Pair the right AI solutions with the right patients
One misconception some healthcare leaders have about AI is the same tools and models can be used at any system. Trying to use AI solutions in areas and geographies they aren't suited for could create the same health equity issues as missing data, Agarwal said.
“Think about a model that's developed within Johns Hopkins using data for Johns Hopkins’ electronic health record system,” she said. “Could I take this model and use it at a federally qualified health care center in rural Alabama or North Dakota? Likely not, because the type of environment reflected in the model and trained at Hopkins is not transferable.”

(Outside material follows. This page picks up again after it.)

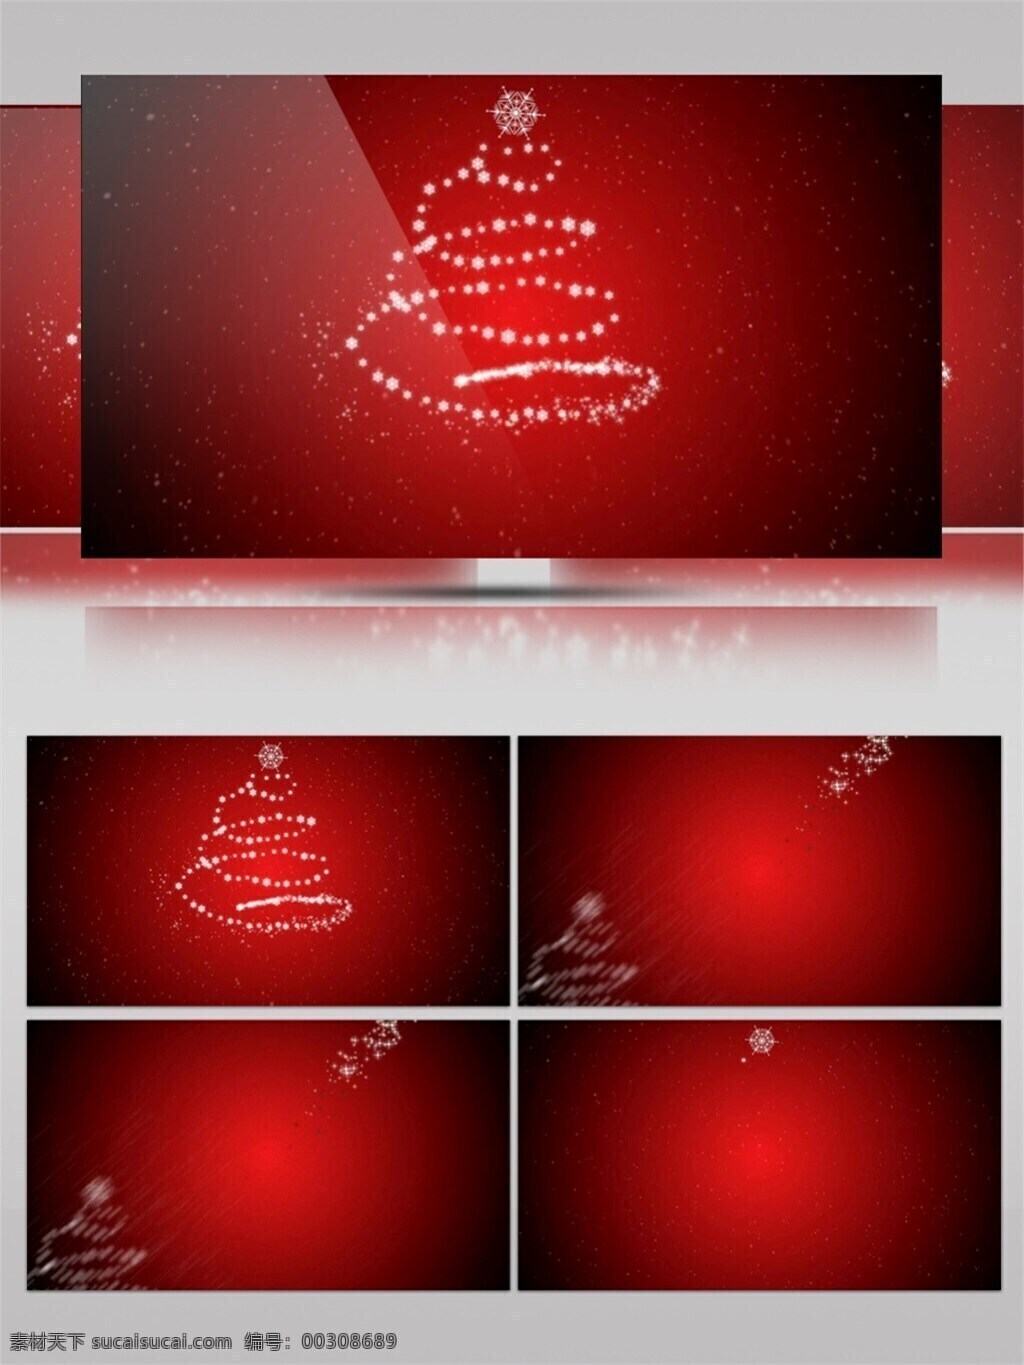 红色 扥 光 圣诞节 视频 节日壁纸 节日庆祝
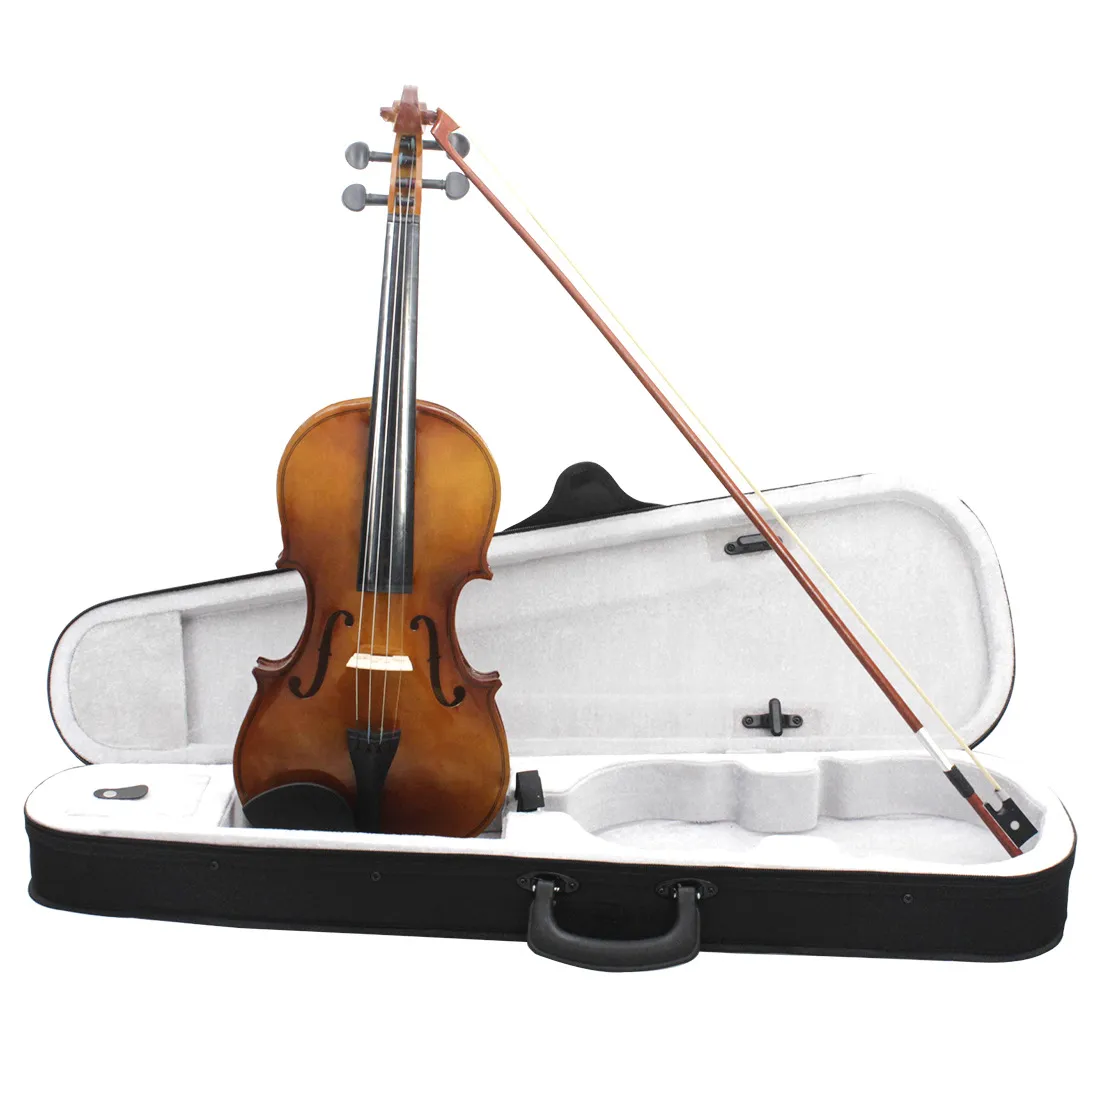 Violín retro de gama alta, violín de madera maciza 4/4, violín profesional de madera negra, instrumento de cuerda con caja oxford

Collecting the right data can take time. MiSalud Health, a virtual care platform for Spanish-speaking populations founded in 2021, spent two years collecting data from its patients and amassing its own pool of proprietary Latino health information before using it to train AI models, said Wendy Johansson, chief product and data officer at MiSalud Health.
“Being able to collect your own data is incredibly important because then you're creating a model that actually speaks to your population,” she said.
Set up AI oversight
Oversight allows for more accurate, effective AI focused on equitable outcomes instead of just reducing costs and operational burden, according to Kiesau. Organizations should have diverse teams overseeing the development of AI applications to assess how equitable or biased these tools are, as well as potential risks, he said.
Part of the development process should include the continuous testing and validating of AI models to ensure they're working as intended, Kiesau said.
The Health and Human Services Department in April released its plan for responsible AI, which encouraged health systems to establish oversight for the technologies and to clearly communicate their use of these tools under a risk-management framework. Many healthcare entities have already formed or joined groups advocating for the adoption of responsible AI governance.
For example, VALID AI, a collaborative of more than 50 academic medical centers, health systems and trade groups, encourages transparency and accountability in AI use and machine learning technologies, Chornenky said. The collaborative, which UC Davis Health helped found, provides resources to those looking to form their own governance committees, and opportunities for systems to learn from one another, he said.
Use the technology to directly target inequities
Once a health system has made sure their AI applications won’t exacerbate disparities, the technology can contribute to health equity efforts.
MiSalud Health has been using AI to translate doctors’ notes into a simple, easy to follow format tailored to patients’ individual literacy levels and native Spanish, Johansson said. The company is also starting to use AI to analyze the reasons people seek care and recommend lifestyle changes, including food as medicine or ways to improve chronic conditions, she said.
New Orleans-based Ochsner Health plans to use AI to better engage with underserved patient populations, said Connie Villalba, the health system’s vice president of digital programs and innovation.
Villalba is part of a team at Ochsner Health creating a set of diverse AI avatars that can speak up to 130 languages and will be able to have real-time conversations with patients. They will be able to choose which avatar to interact with to hear about health guidelines, lifestyle recommendations and care management, she said.
“Right now the opportunity with AI is just to understand the care gaps and the causal factors that are driving those outcomes. These are achievable quick hits,” Kiesau said.